The tibble in which we store our data and the Preceptor Table have one key difference in structure. The tibble has one column for the outcome variable. The Preceptor Table has one column for each potential outcome, meaning one column for each of the values of the treatment variable.

The causal effect of a treatment on a single unit at a point in time is the difference between the value of the outcome variable with the treatment and without the treatment. We call these “potential outcomes” because, at most, we can only observe one of them. The Fundamental Problem of Causal Inference is that it is impossible to observe the causal effect on a single unit. We must make assumptions — i.e, we must make models — in order to estimate causal effects.

Random assignment of treatments to units is the best way to estimate causal effects.
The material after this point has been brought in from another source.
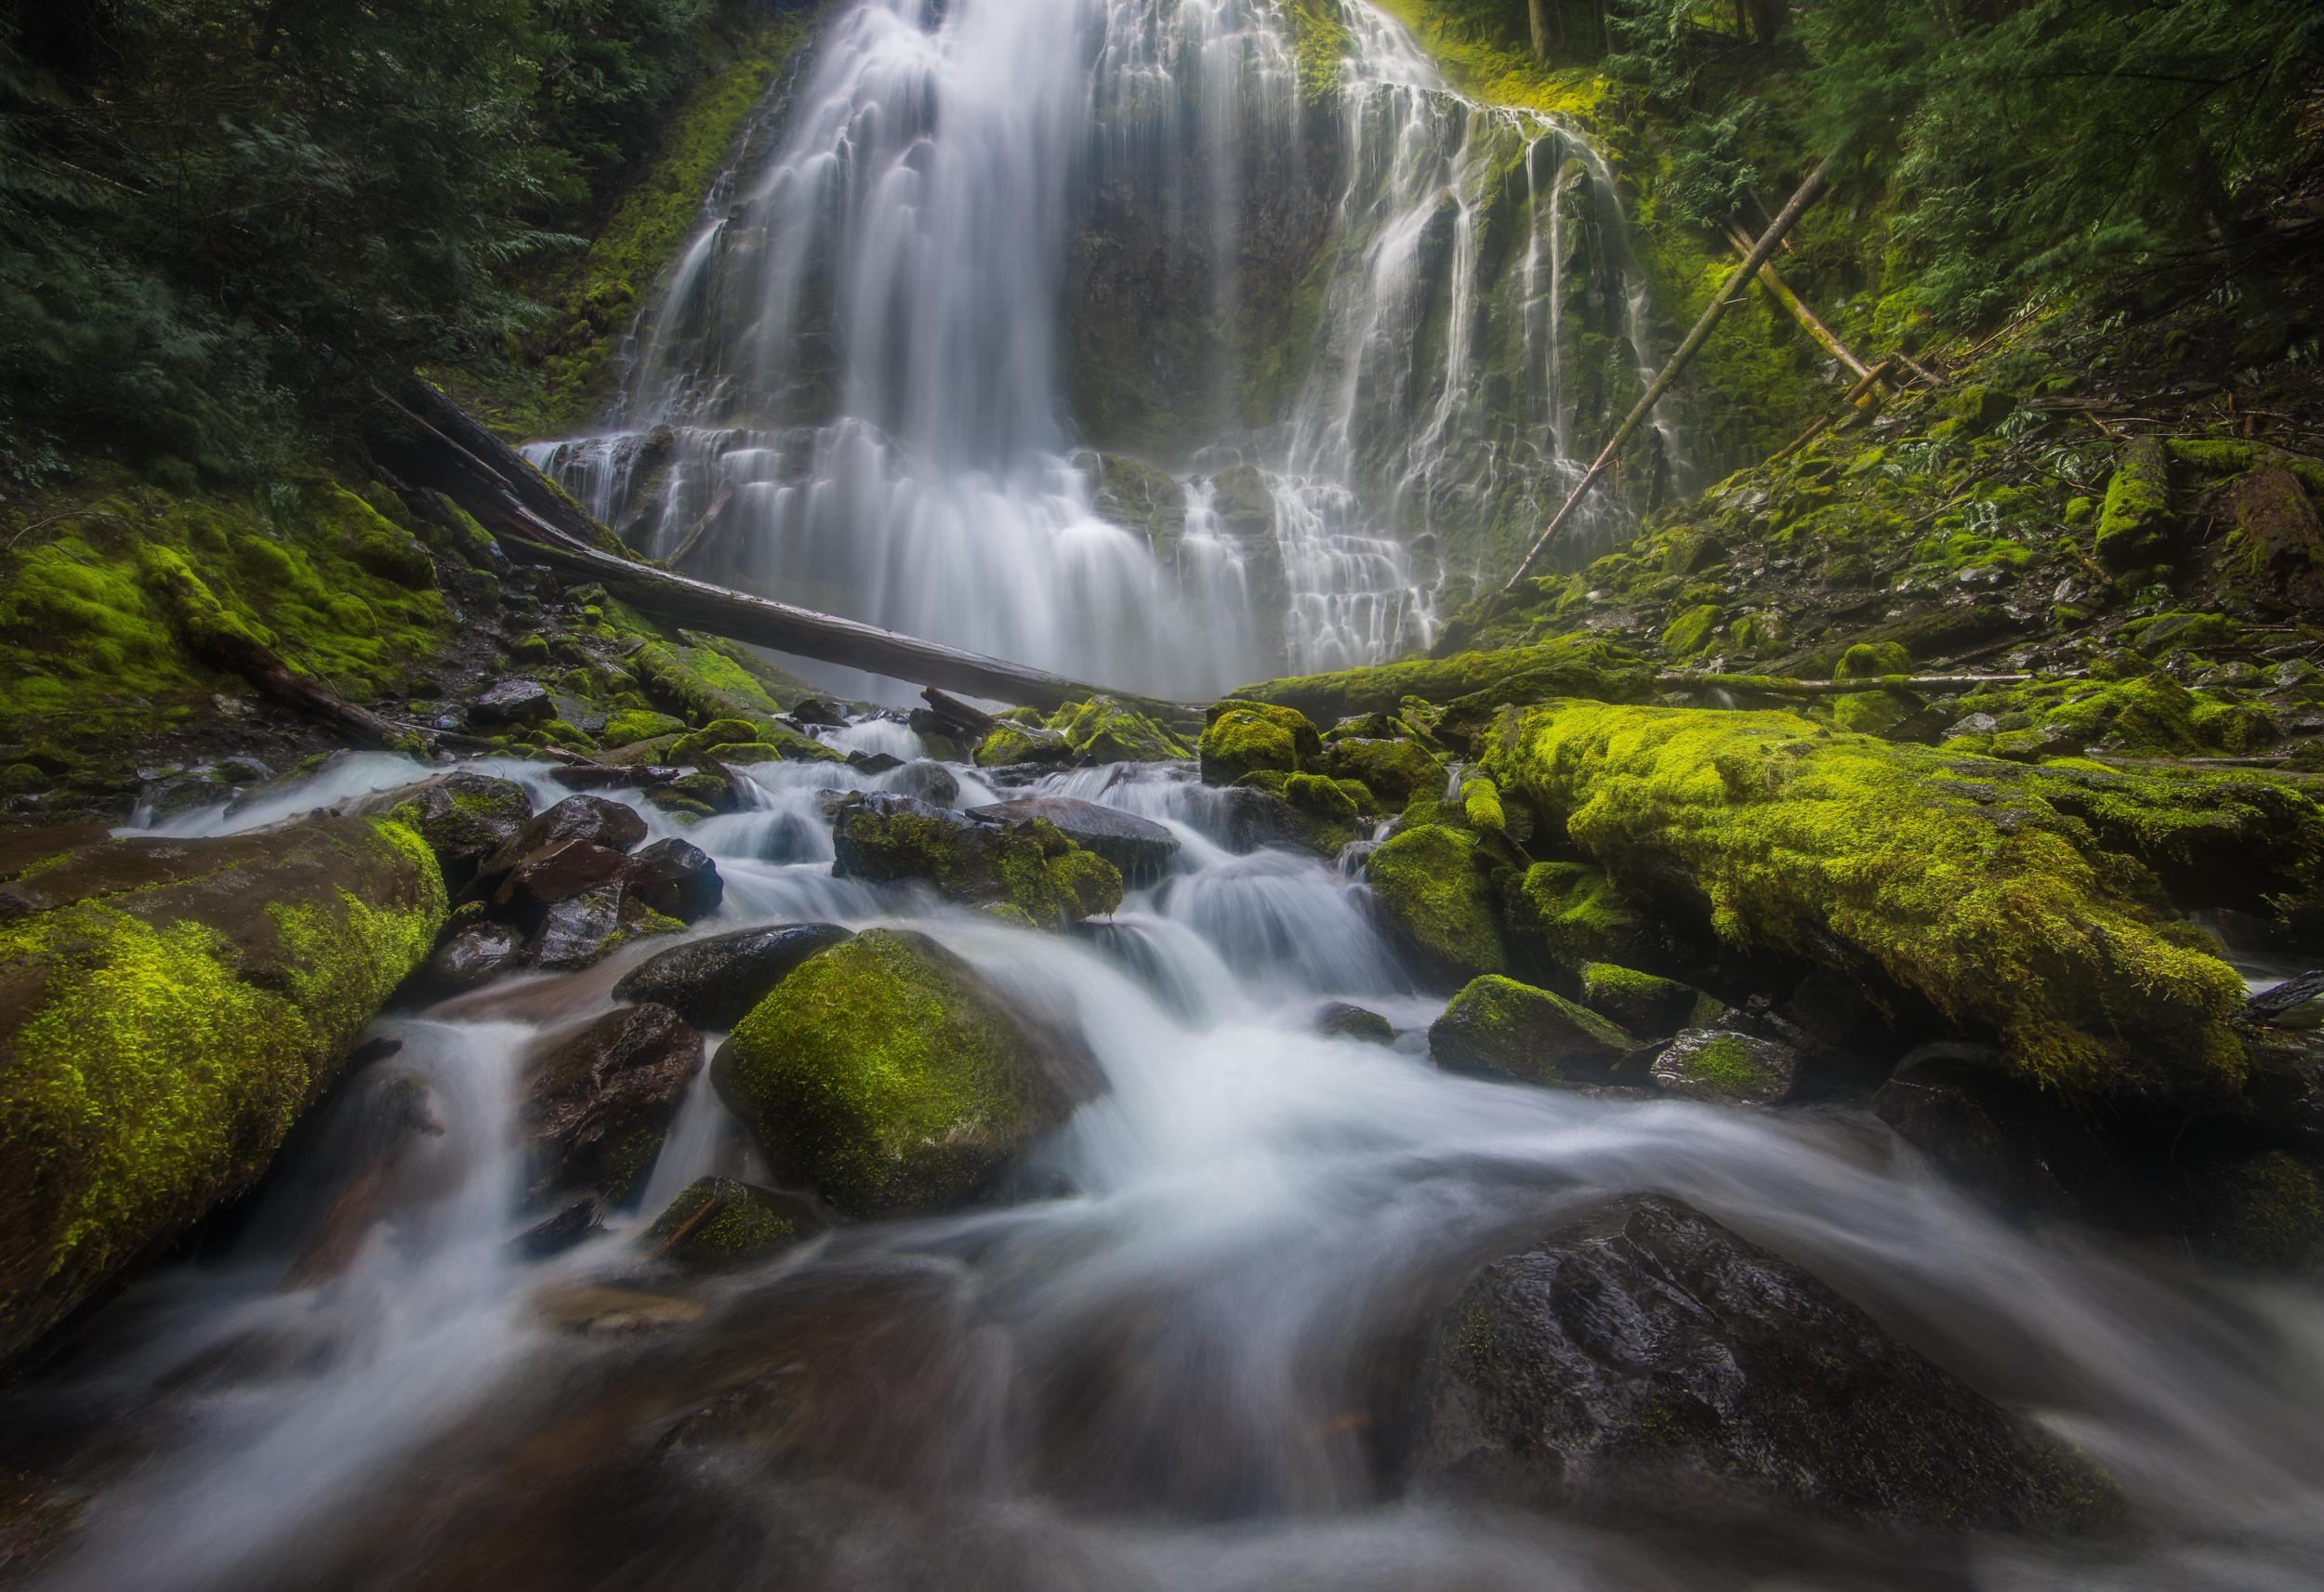 Oregon_042817._CVB9555-Edit.JPG

Other assignment mechanisms are subject to confounding. If the treatment assigned is correlated with the potential outcomes, it is very hard to estimate the true treatment effect. (As always, we use the terms “causal effects” and “treatment effects” interchangeably. With random assignment, we can, mostly safely, estimate the average treatment effect (ATE) by looking at the difference between the average outcomes of the treated and control units.

Be wary of claims made in situations without random assignment: Here be dragons!